──────── Source material

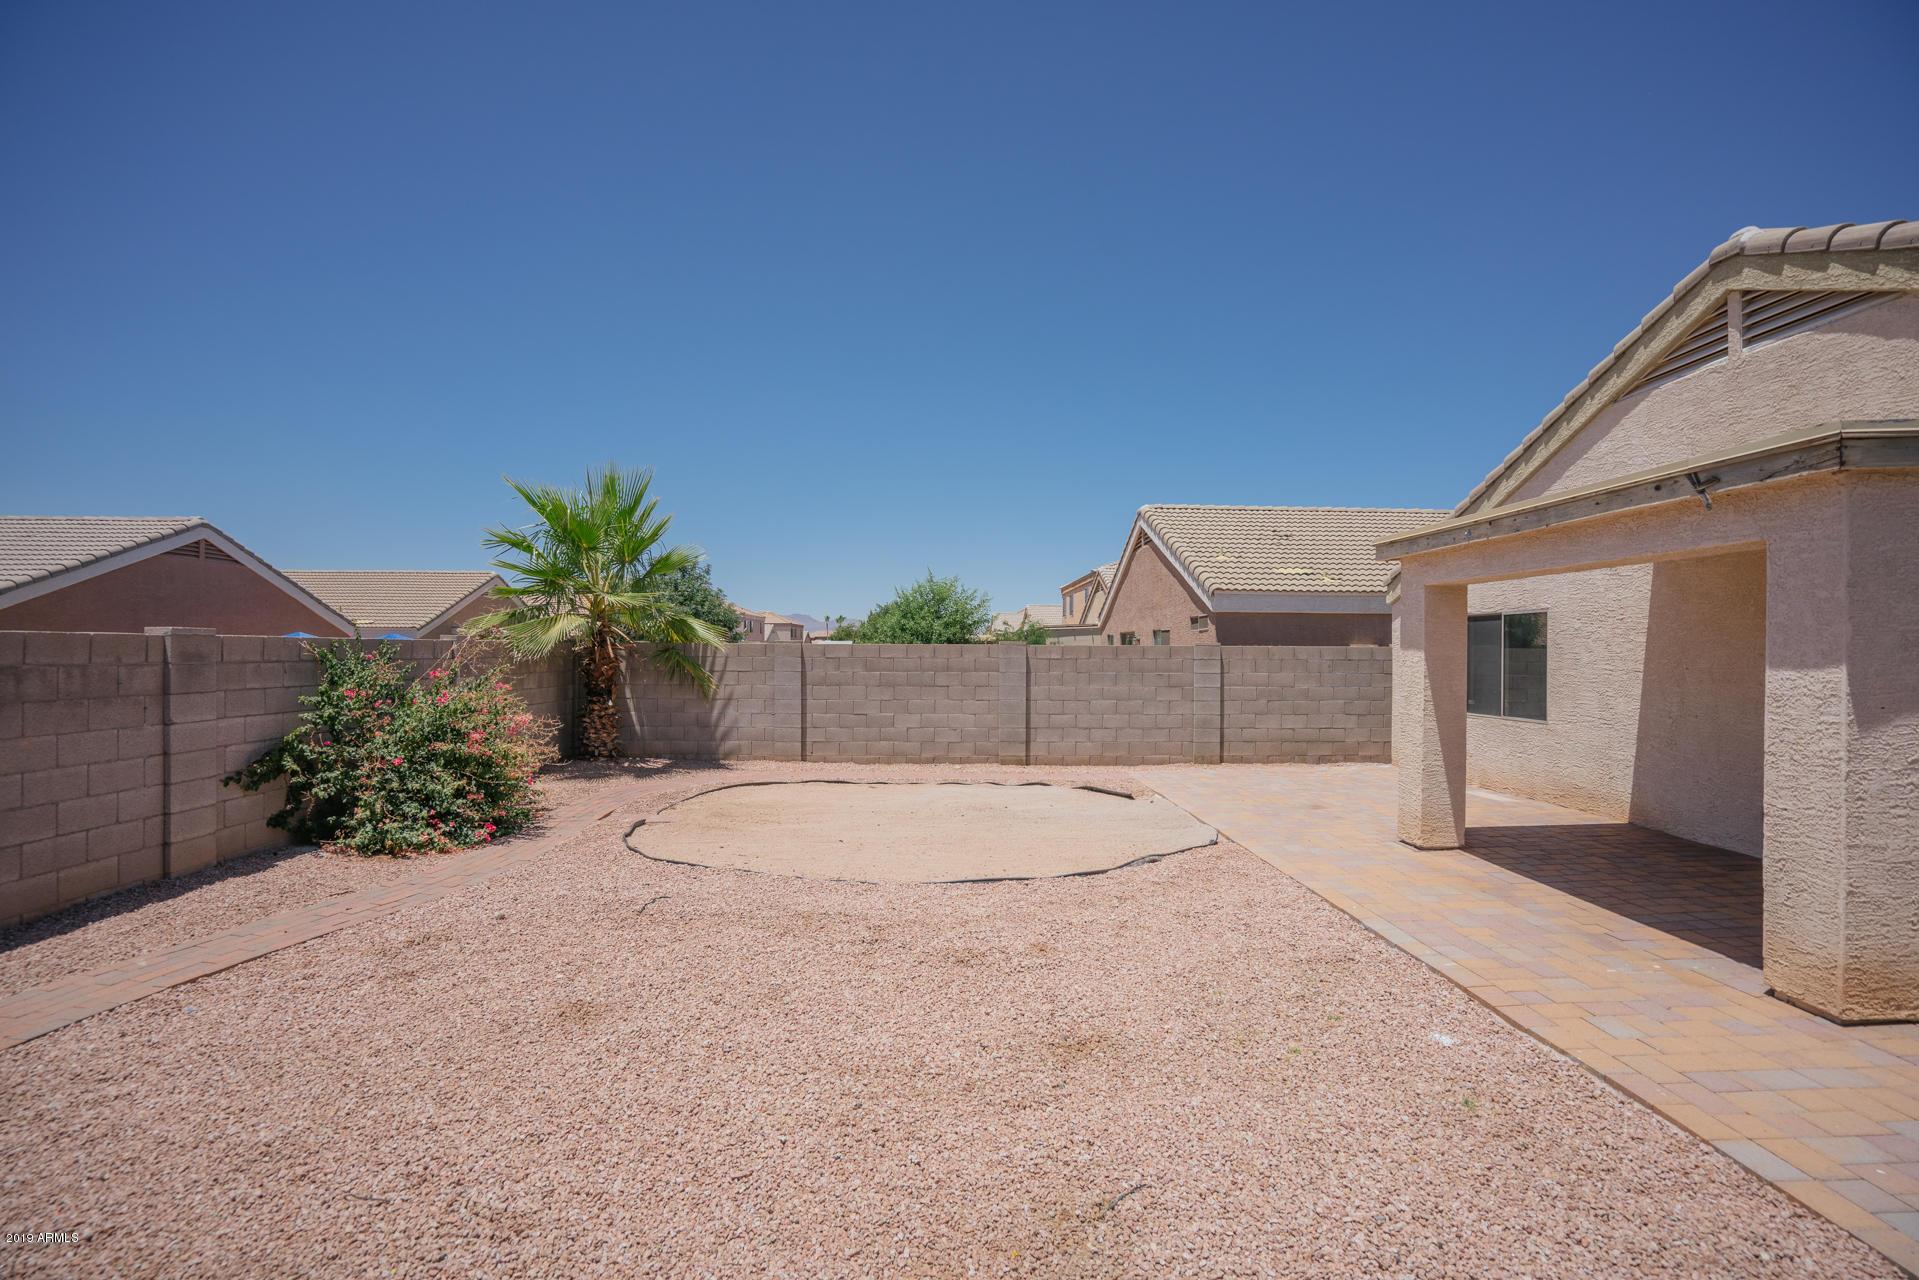 MLS 5949113 12405 W ROSEWOOD Drive, El Mirage, AZ 85335 El Mirage AZ Three Bedroom
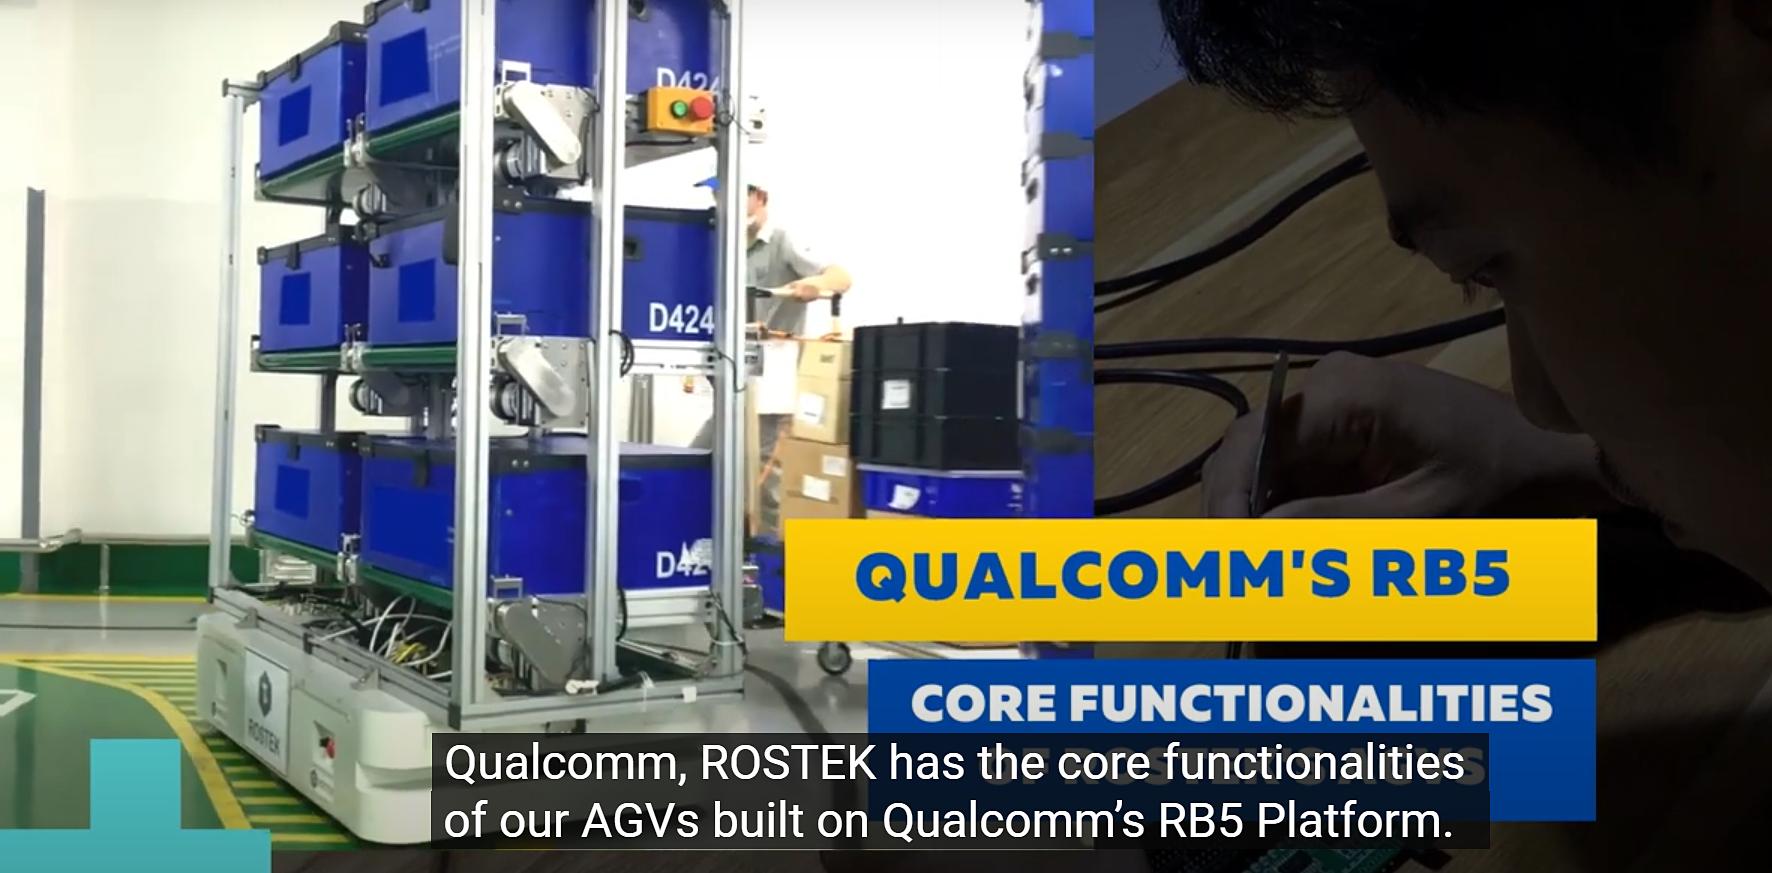 Sản phẩm robot tự hành của ROSTEK đã hoàn thiện hơn trên nền tảng và tư vấn kỹ thuật của Qualcomm qua QVIC. Ảnh: Qualcomm.
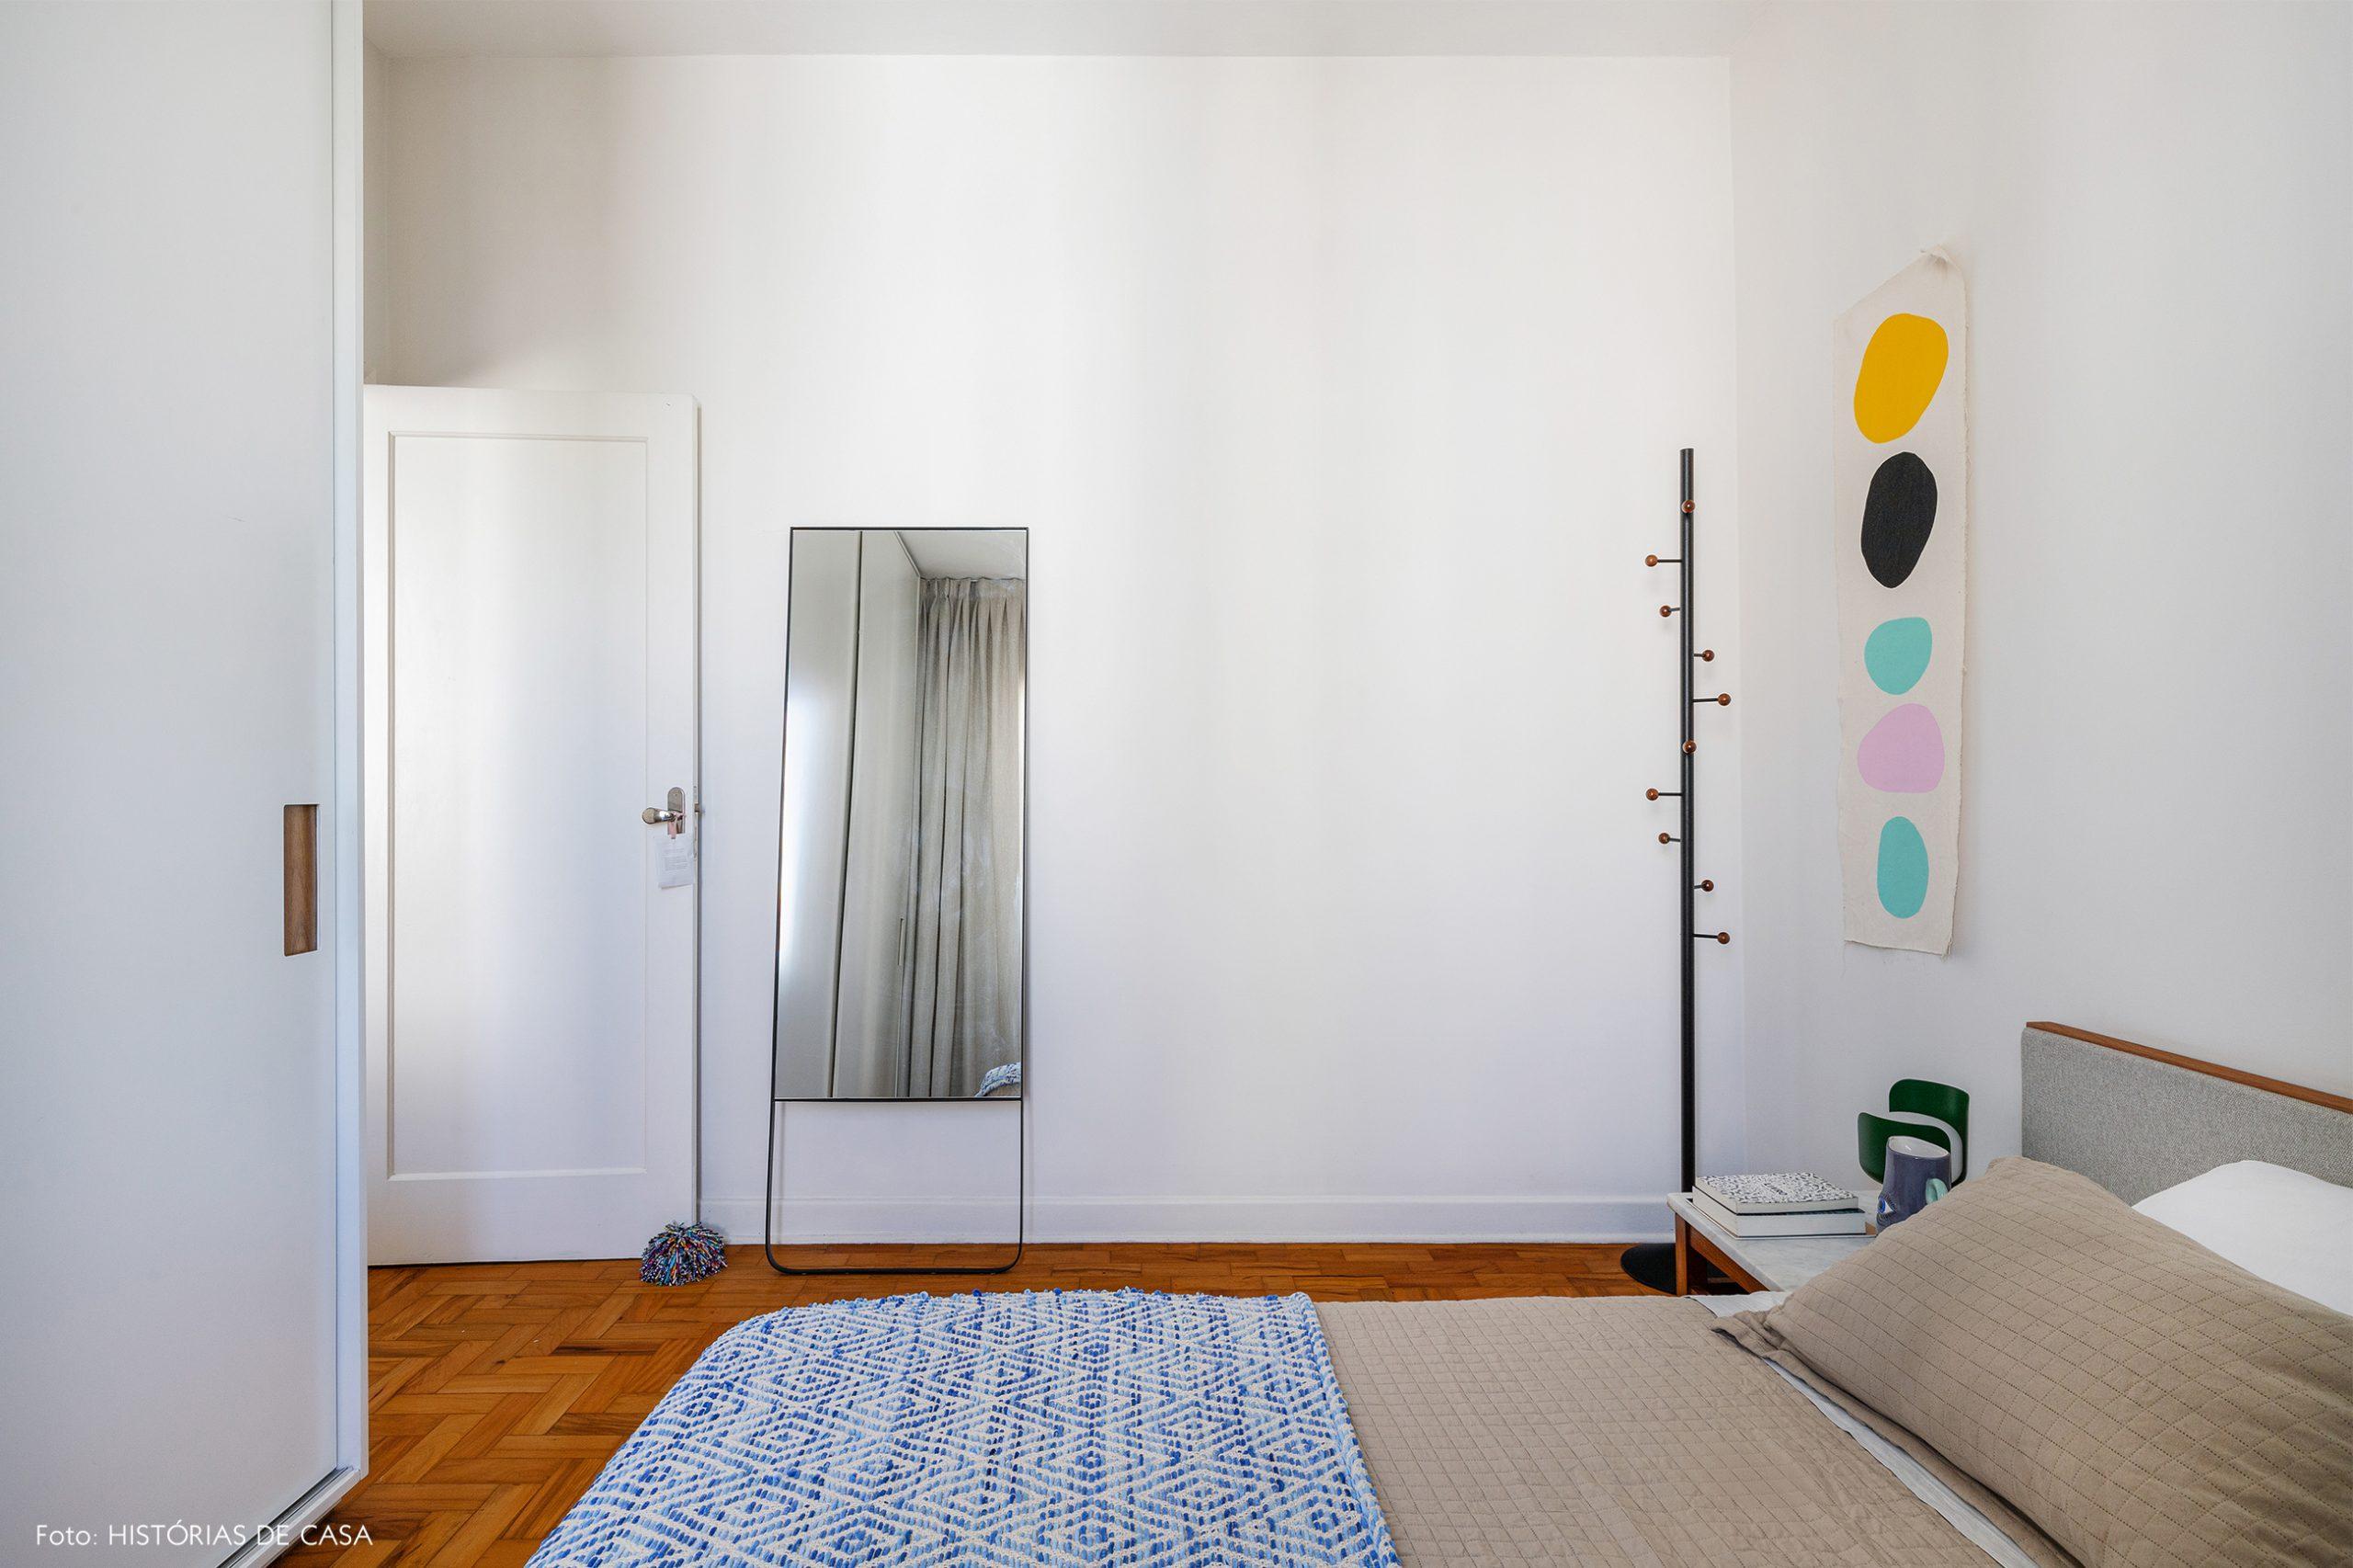 decoração quarto branco com mancebo preto
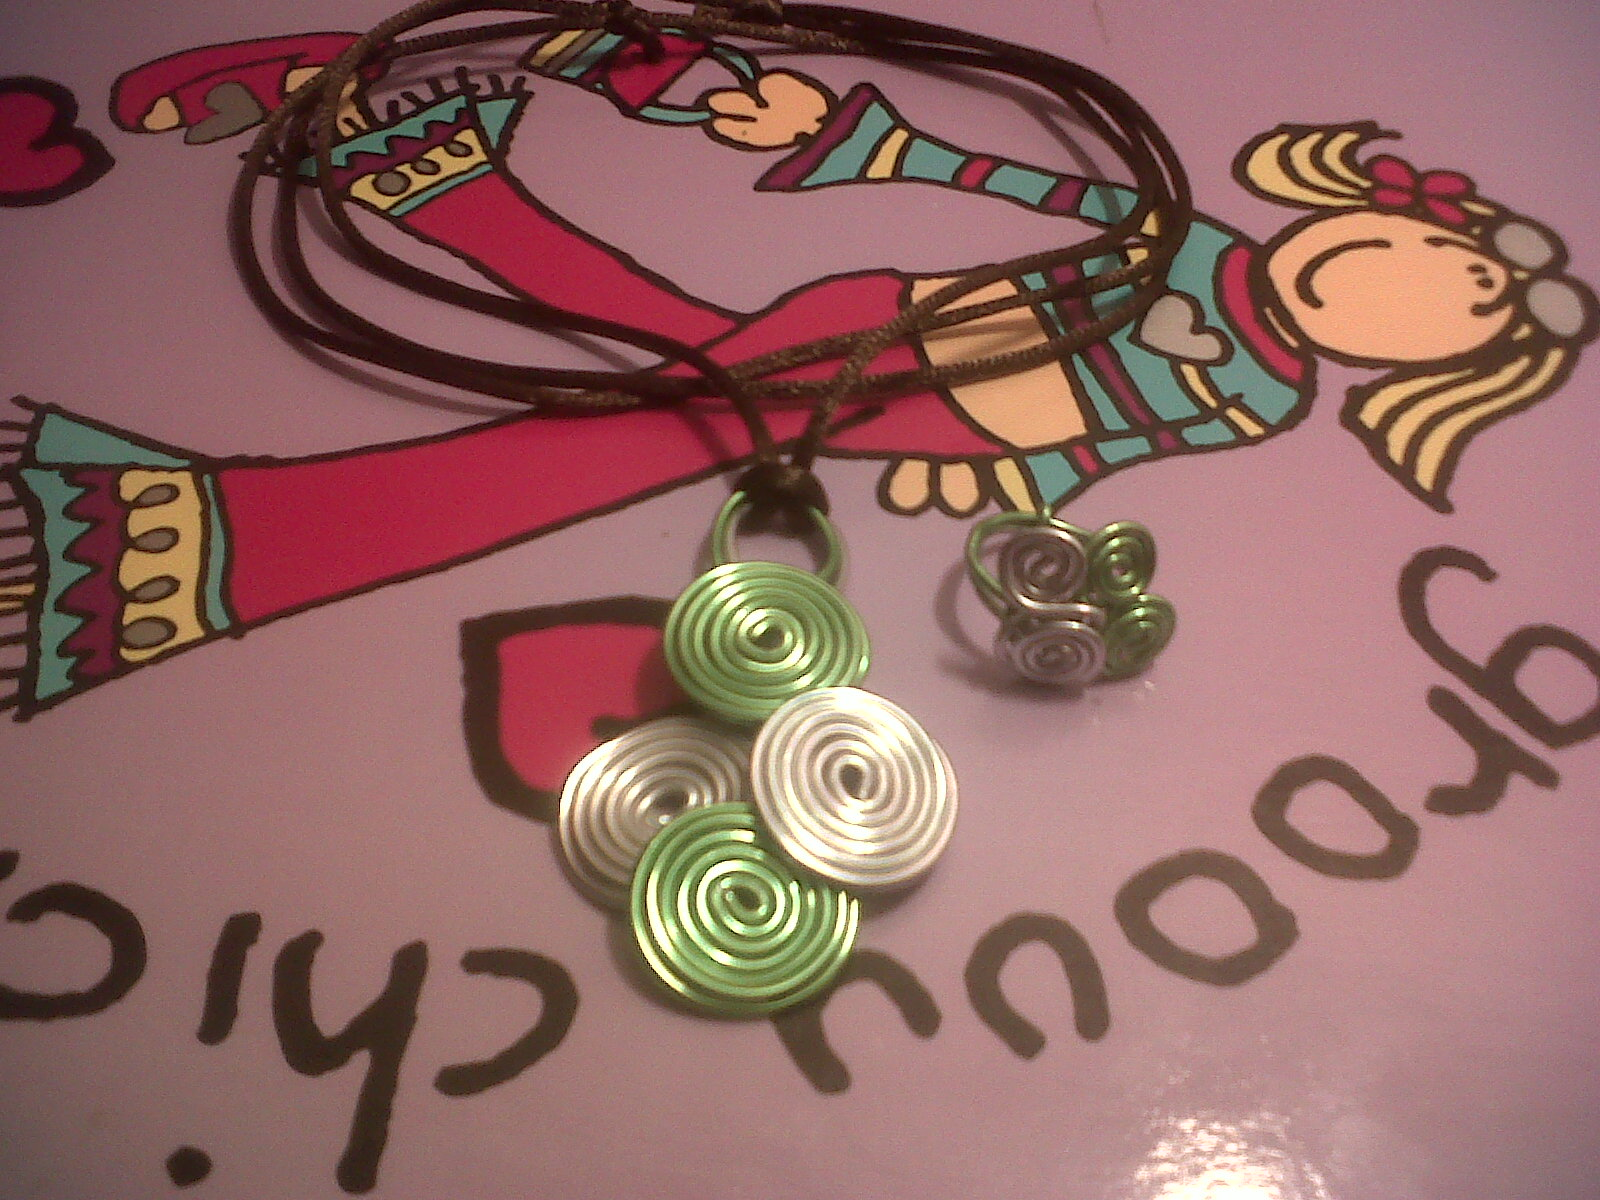 4876e21b722c Juegos y aficiones  Mascotas  Maternidad. para hacer collares y pulseras.  esque me gusta mucho hacerme mis pulseras y collares y me gustaria  encontrar.

────────────────

→ Brief
Find the line with "Sản phẩm robot" in the listing above, then write it out along with every later line through the last one, exactly, omitting pictures.

→ Task output
 Sản phẩm robot tự hành của ROSTEK đã hoàn thiện hơn trên nền tảng và tư vấn kỹ thuật của Qualcomm qua QVIC. Ảnh: Qualcomm.
 decoração quarto branco com mancebo preto
 4876e21b722c Juegos y aficiones  Mascotas  Maternidad. para hacer collares y pulseras.  esque me gusta mucho hacerme mis pulseras y collares y me gustaria  encontrar.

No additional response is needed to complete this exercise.